Michael Hallam recently completed a Bachelor of Mathematical Sciences (Advanced) at Adelaide University, majoring in pure mathematics. In 2016 he will begin a Master of Philosophy at Adelaide University, studying Seiberg-Witten invariants and their applications. He has not always been interested in maths – in fact he resented being forced to slog through pages and pages of boring, repetitive calculations in primary school maths class. It wasn’t until reaching year 12 in high school that he began to appreciate the beauty and elegance of mathematics, and ever since then he has been hooked on learning new maths and challenging himself to understand unfamiliar concepts. Michael’s interests are in pure maths – particularly topology and analysis, but pretty much anything pure can grab his attention. He is excited to begin researching and aspires to a long and fruitful career in mathematics.
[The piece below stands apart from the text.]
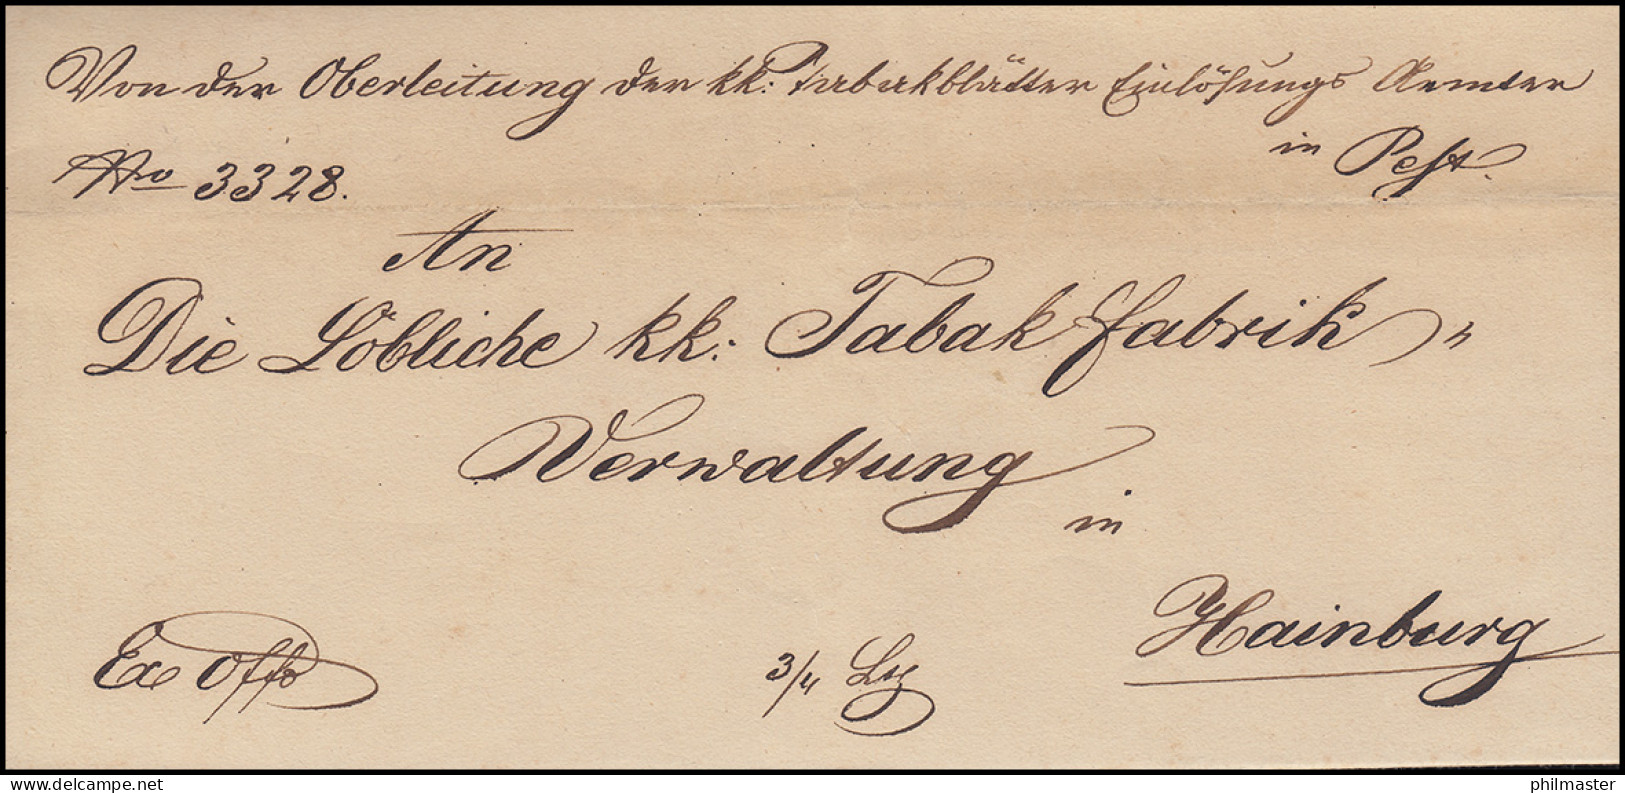 Ungarn Vorphilatelie Brief Aus PESTH Vom 23.12.1847 Nach HAINBURG 26.12. - ...-1867 Voorfilatelie

Internal Hom-Objects In The Category Of Topological Spaces
The areas of research are category theory and topology. It is known that internal hom-objects can fail to exist in the category of topological spaces. After reading and understanding the relevant theory behind this, the main goal of the project is to develop a series of examples which illustrate this phenomenon, and in particular to classify the different ways in which this failure can occur. A secondary research goal of the project is to understand how the notion of compactness arises naturally from the internal hom-object problem for topological spaces.